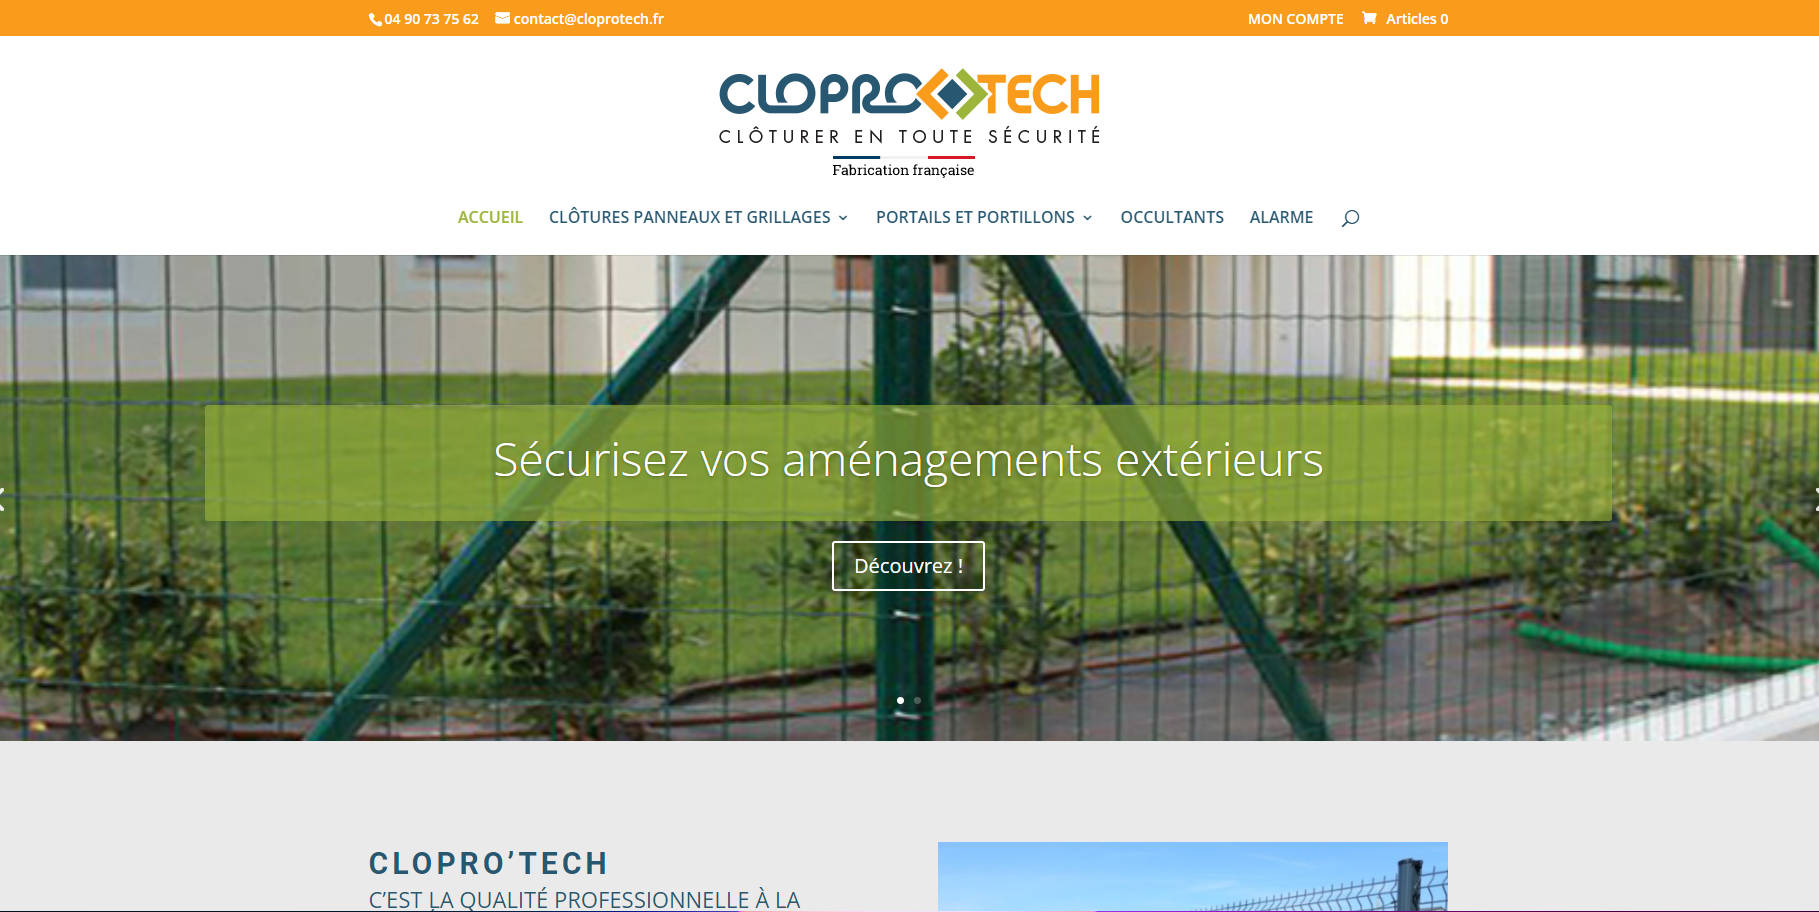 Le site Cloprotech
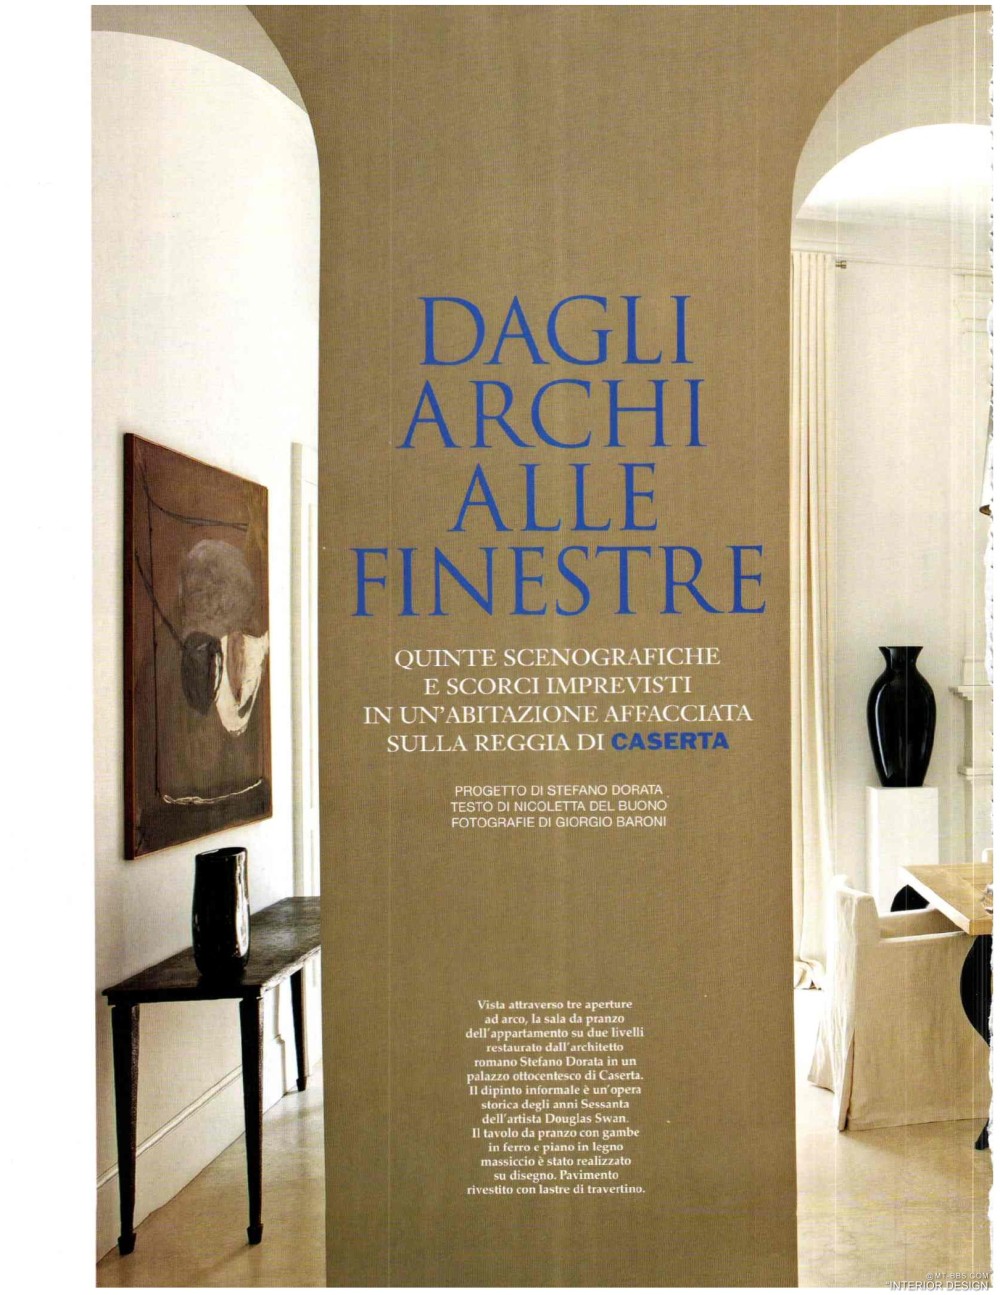 意大利AD 杂志 2012年全年JPG高清版本 全免（上传完毕）_0170.jpg
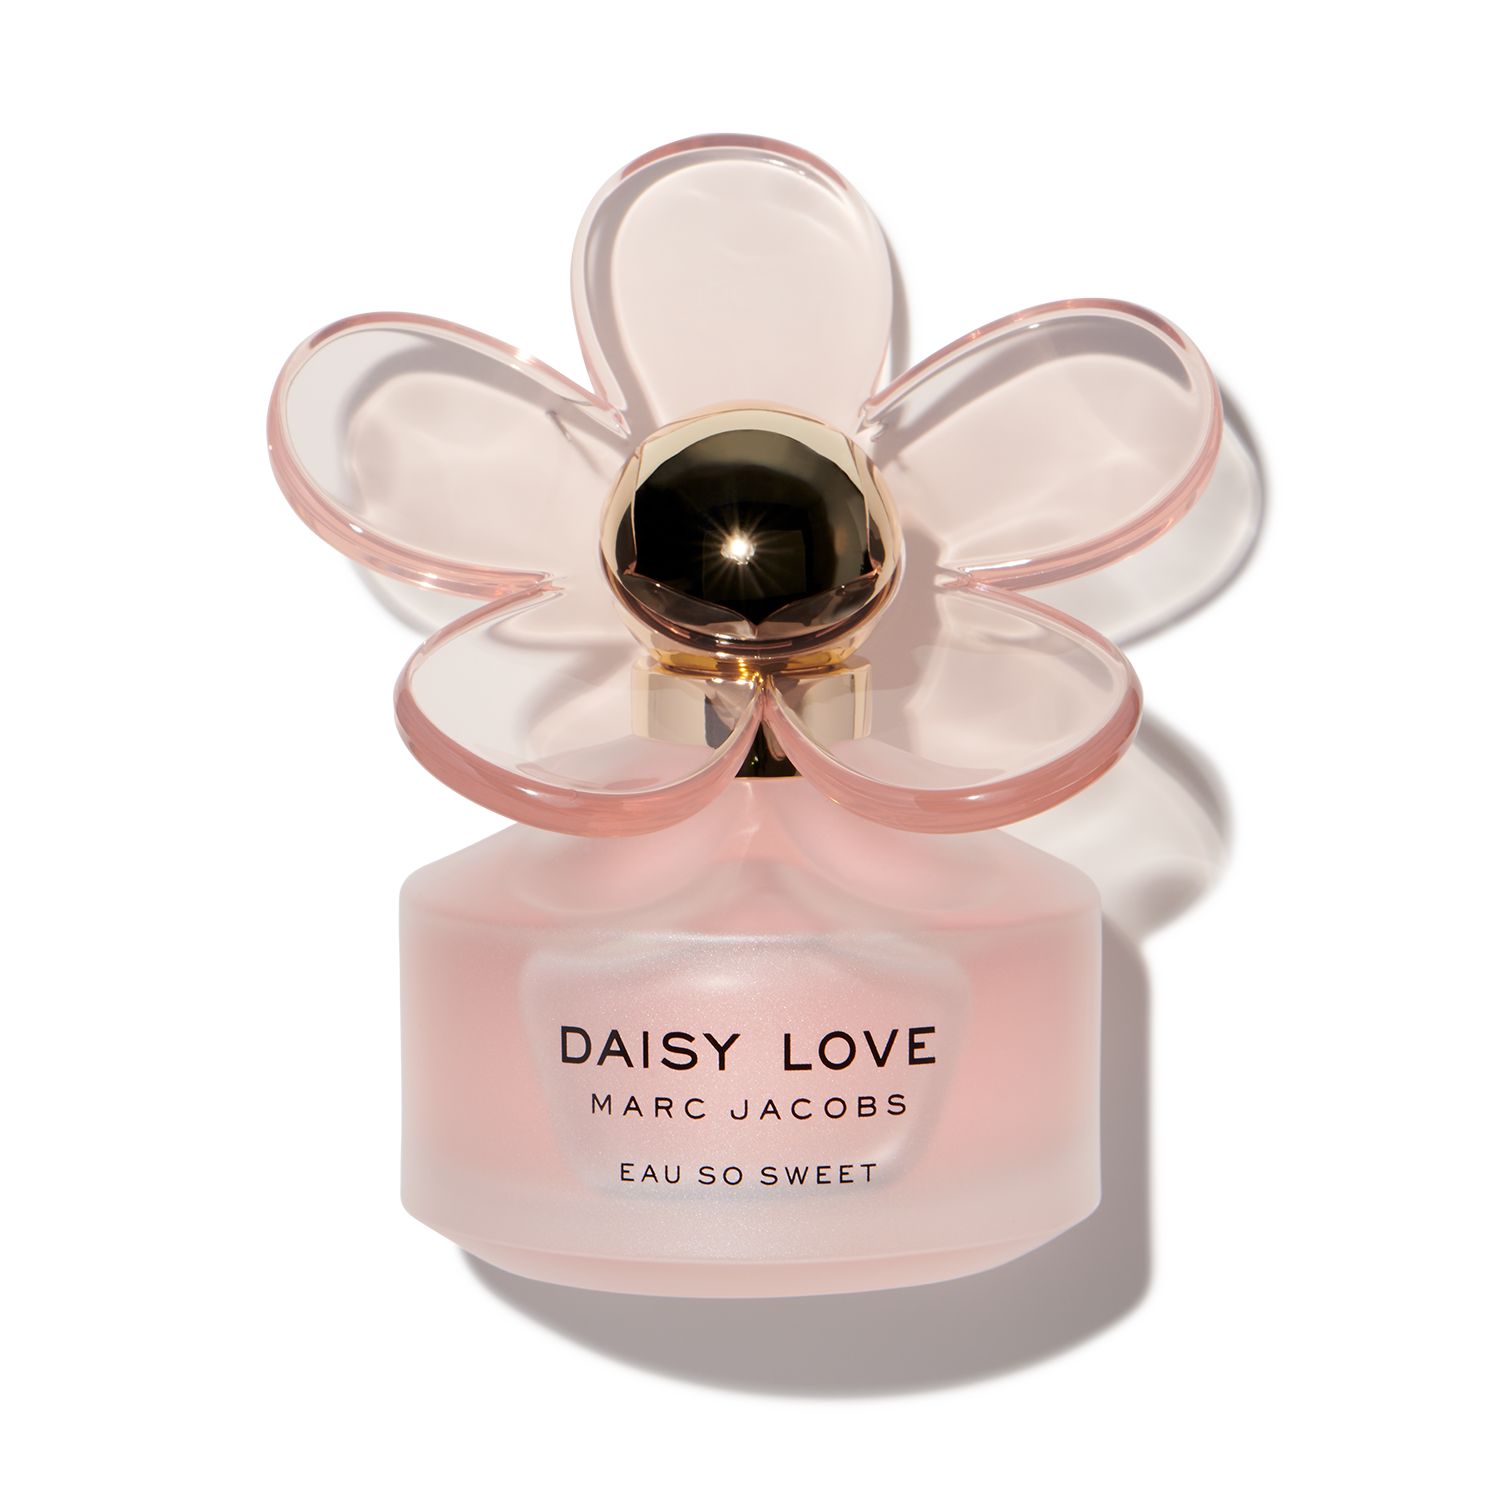 Marc Jacobs Daisy Love Eau So Sweet for $7.95 | Scentbird
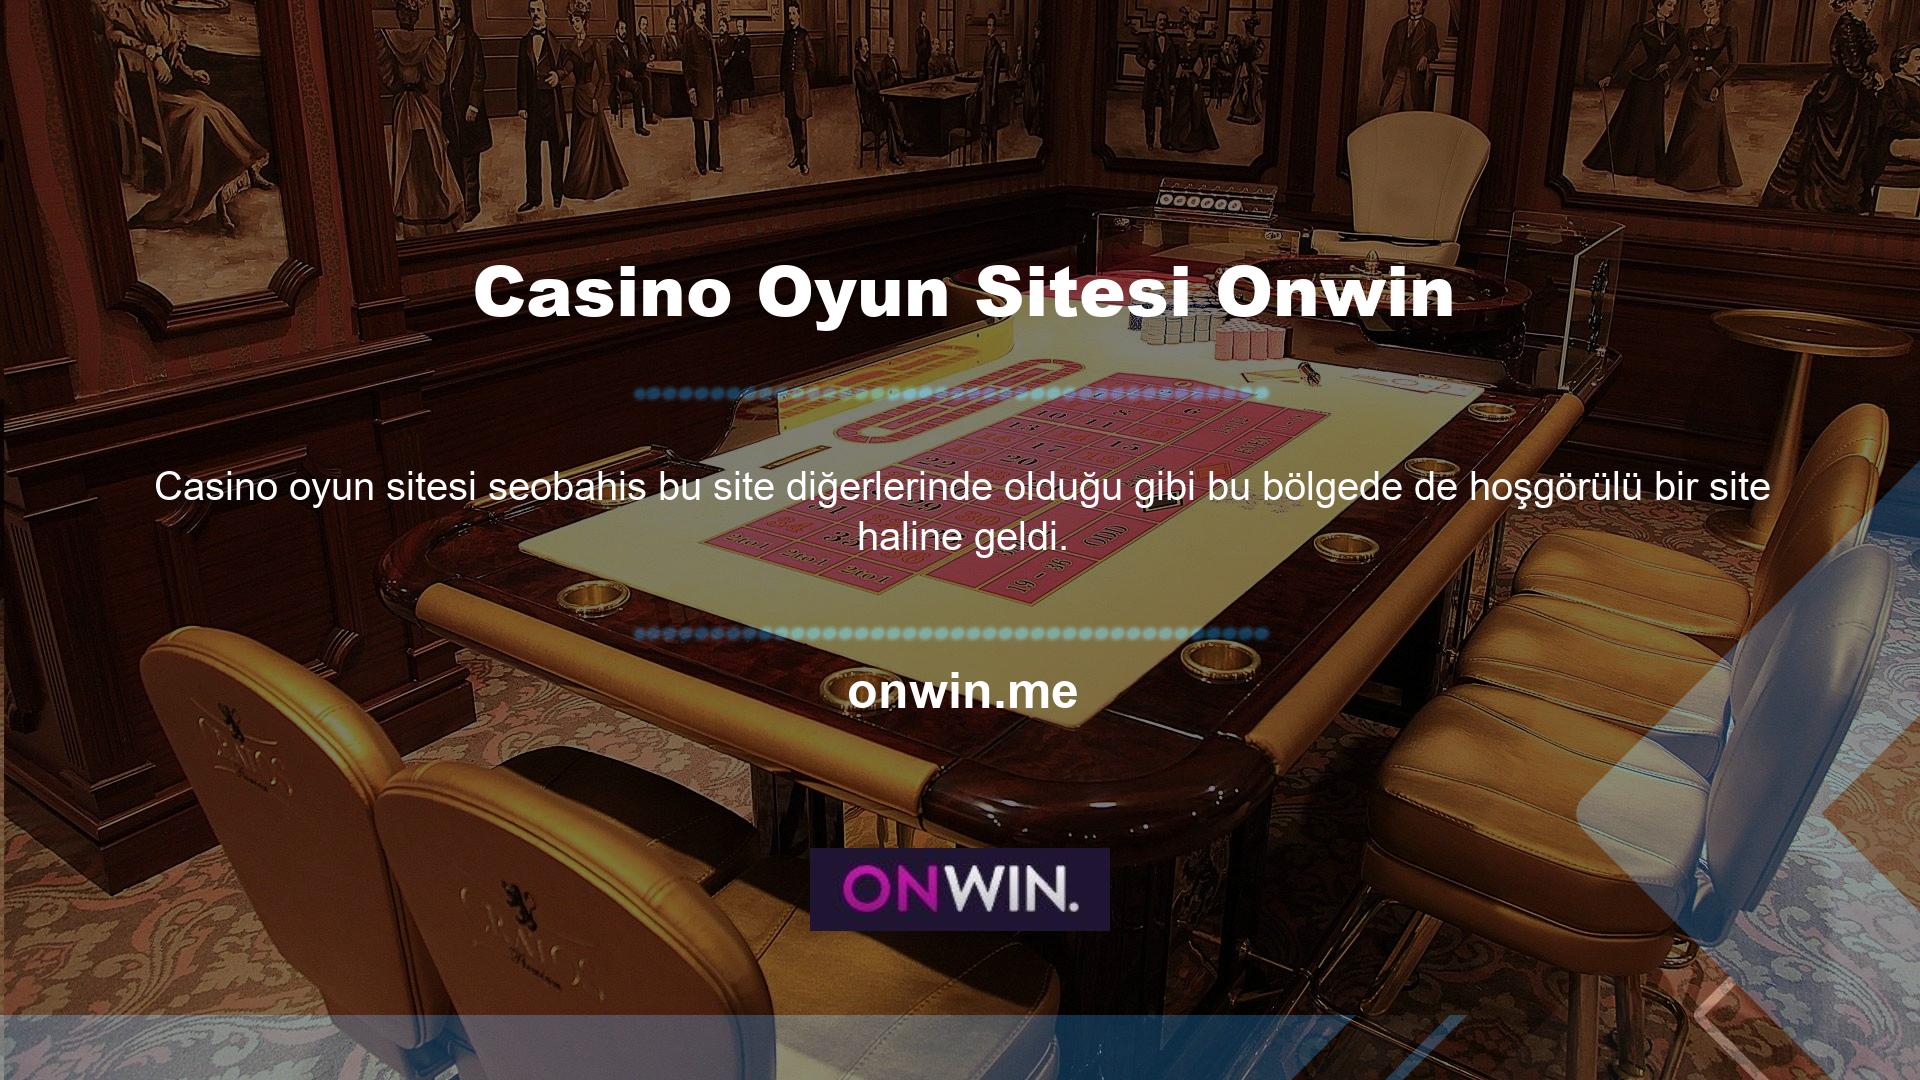 Bonuslar, sitede oynanan casino oyunlarına dönüştürülüp dönüştürülmemesine bakılmaksızın yatırım yapmak için kullanılmaktadır

######

What you are asked to do = Faithful copy, images left out: write out every line of data.

Exercise answer =
 Le site Cloprotech
 意大利AD 杂志 2012年全年JPG高清版本 全免（上传完毕）_0170.jpg
 Marc Jacobs Daisy Love Eau So Sweet for $7.95 | Scentbird
 Bonuslar, sitede oynanan casino oyunlarına dönüştürülüp dönüştürülmemesine bakılmaksızın yatırım yapmak için kullanılmaktadır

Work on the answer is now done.